The narrator goes on to explain that he was born with a caul, or a filmy membrane that sometimes covers a newborn baby's head and face upon birth. In Dickens’ time, a caul was considered a sign of good luck, so, the narrator explains, his caul was sold in the newspaper for fifteen guineas.

On page 11 of David Copperfield, Dickens writes:

“I was born with a caul, which was advertised for sale, in the newspapers, at the low price of fifteen guineas. Whether sea-going people were short of money about that time, or were short of faith and preferred cork-jackets, I don’t know; all I know is, that there was but one solitary bidding and that was from an attorney connected with the bill-broking business, who offered two pounds in cash, and the balance in sherry, but declined to be guaranteed from drowning on any higher bargain. Consequently, the advertisement was withdrawn at a dead loss...”

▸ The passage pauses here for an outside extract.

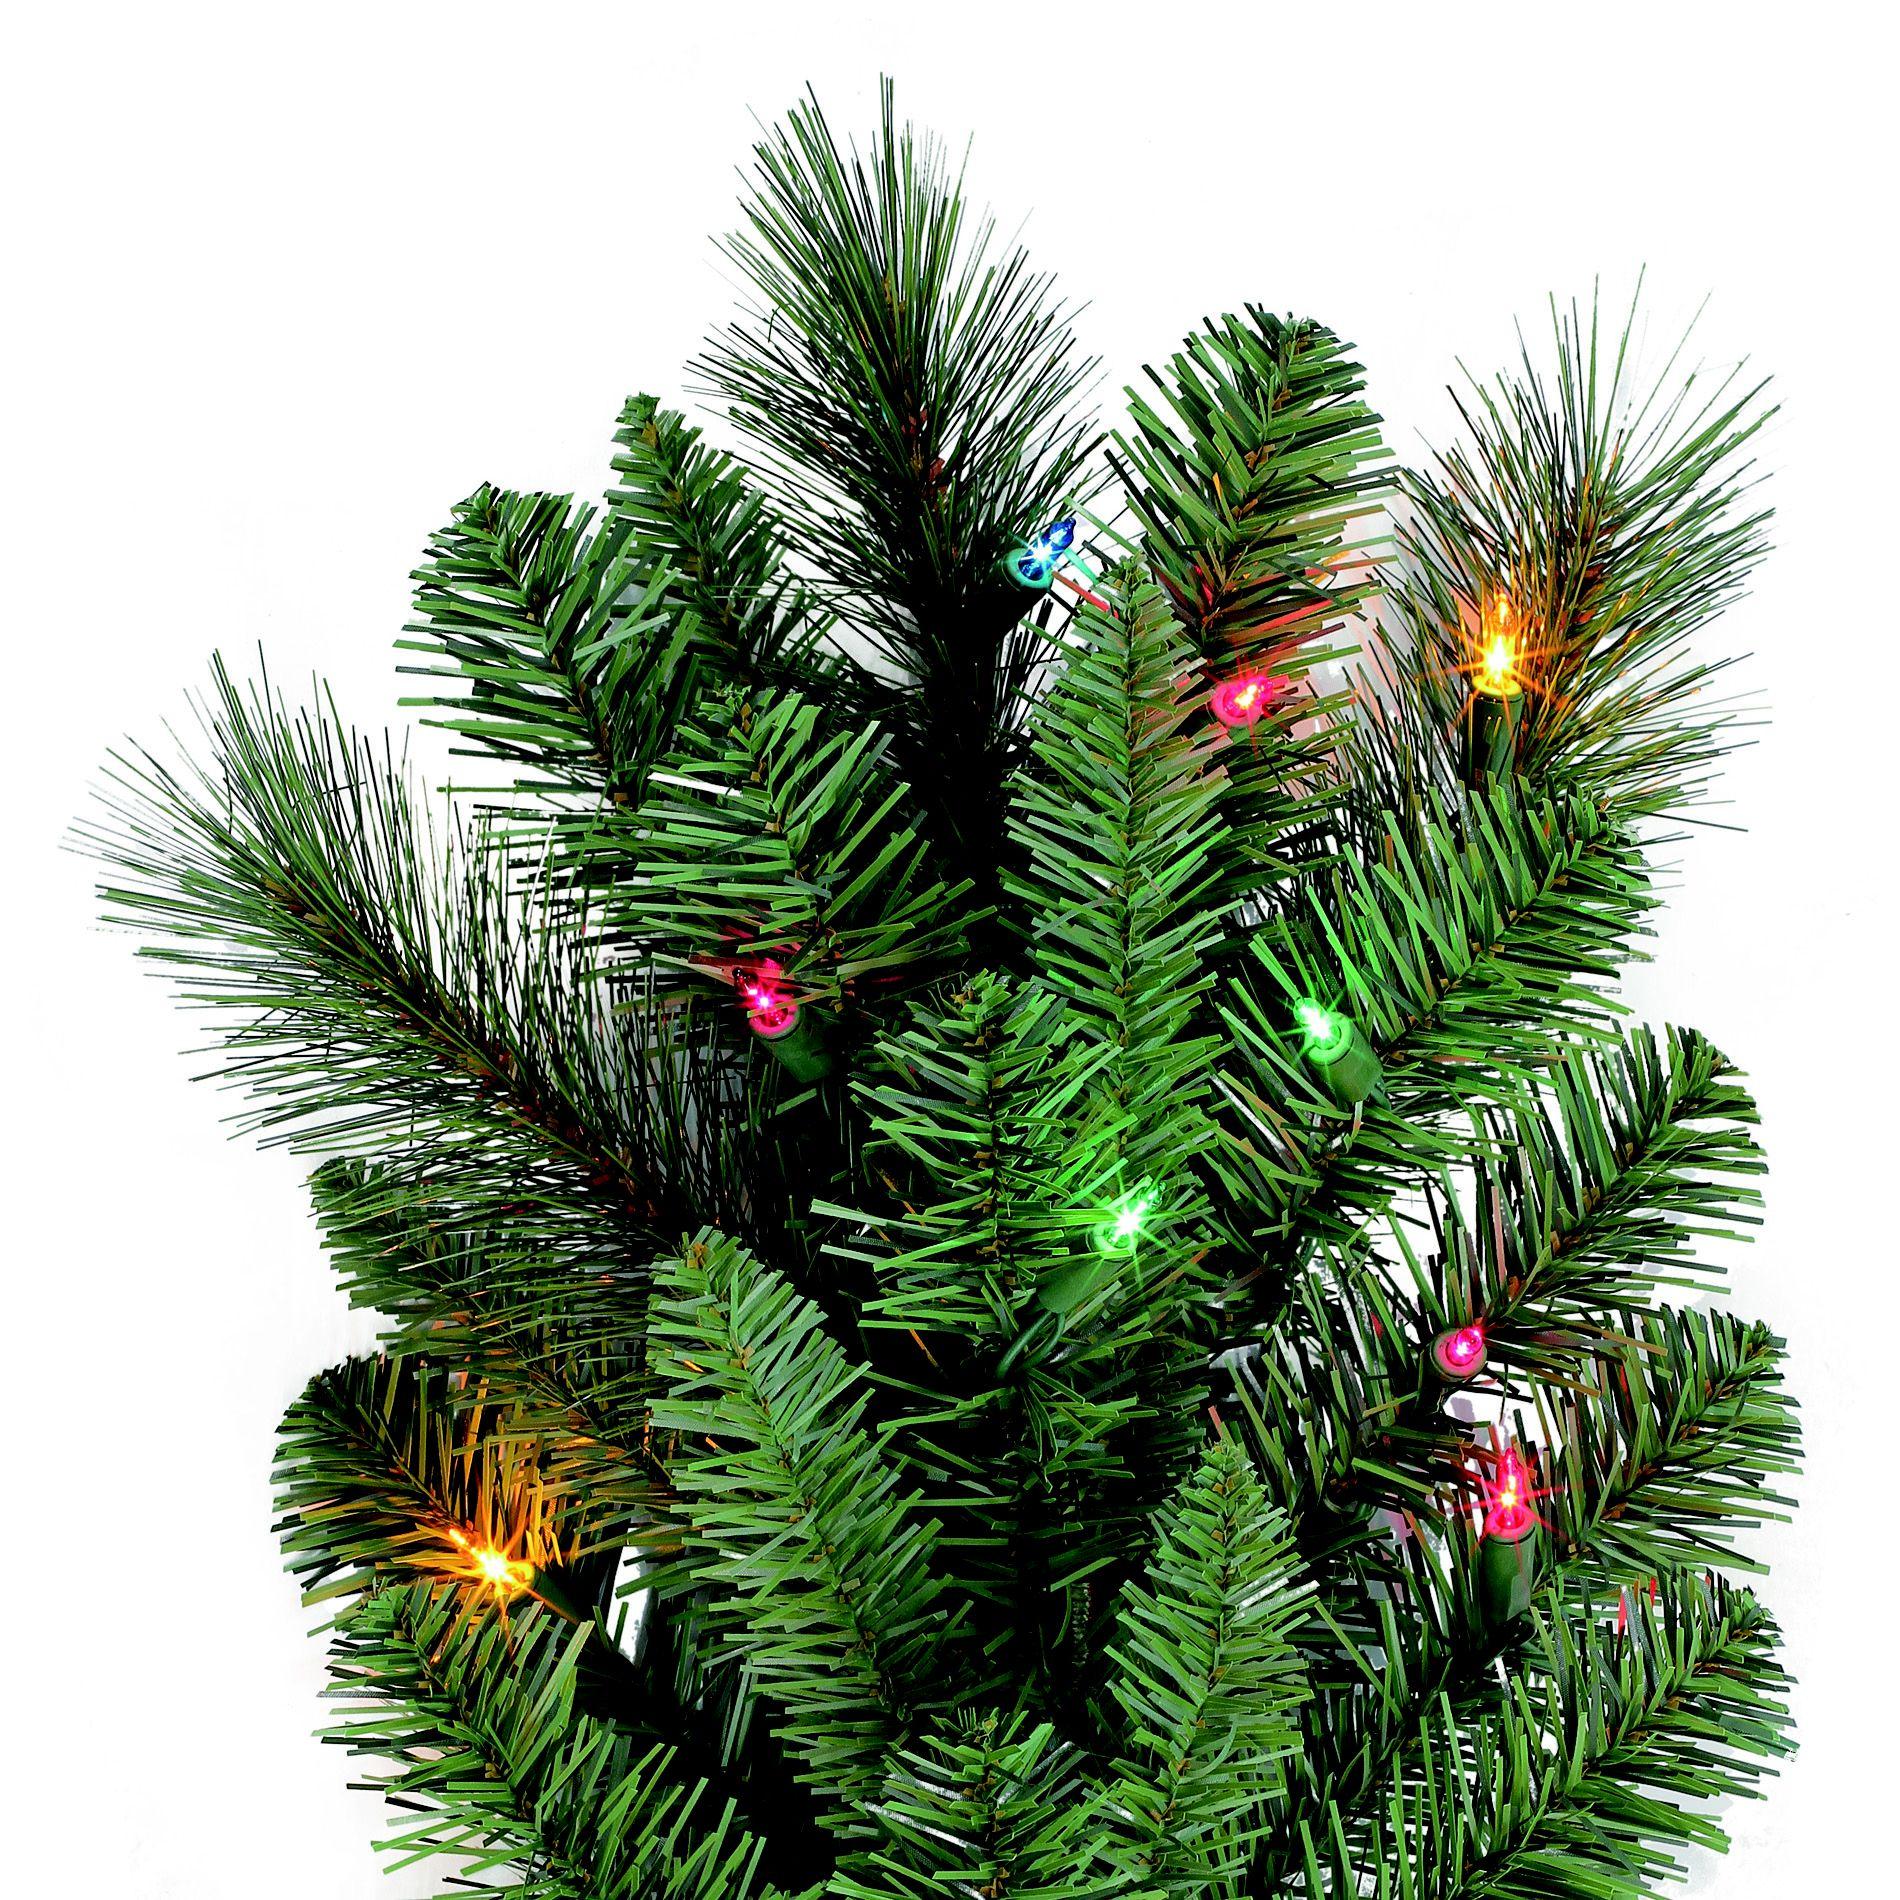 9 Ft Pre-Lit Multi-Colored Light Aspen Mountain Slim Pine Artificial Christmas Tree

The book moves from a description of birth into his dislike of his stepfather. When his stepfather delivers him a thrashing for falling behind in his studies, Copperfield bites the man. He is sent to a boarding school with a cruel headmaster, where he meets two close childhood friends that become significant later in the novel.

When Copperfield returns home from boarding school for the holidays, he finds out that his mother has given birth to a baby boy. Soon after he returns to school, his mother and the infant die. Copperfield returns home immediately and his stepfather sends him to work in a factory in London.

Dickens’ description of the factory’s conditions in this portion of the book are exemplary of Dickens' knack for exposing the atrocities against the working class of his time. The factory is a black, dirty place where workers’ lives—child and adult alike—are treated with little to no value.

Copperfield eventually runs away from the factory, walking the entire 77 miles from London to Dover. In Dover he finds his only relative in an eccentric aunt who agrees to raise him.

The remainder of the story follows Copperfield’s maturation process as he nears adulthood. Many characters enter, leave, and re-enter his life to affect the plot in important ways. For example, his mother’s former housekeeper, Peggotty, and her family move in with Copperfield and his aunt.

Peggotty’s orphaned niece “Little Em’ly,” who moves in at the time, charms Copperfield but the plot thickens when one of Copperfield’s more selfish schoolmates seduces and dishonors Little Em’ly. This event precedes the novel’s greatest tragedy.

As is usual for Dickens’ books, characters who do right by others are ultimately rewarded by the plot’s twists, and characters who do wrong are punished in one way or another. While cliffhangers are prominent throughout the book, none remain by the end.

Little Em’ly is safely transported to a new life in Australia to find security and happiness in her new country. Copperfield marries the beautiful but naive Dora Spenlow, who dies after failing to recover from a miscarriage early in their marriage. David then searches his soul and marries the sensible Agnes, who had always loved him and with whom he finds “true happiness.” David and Agnes then have several children, including a daughter named for Betsey Trotwood.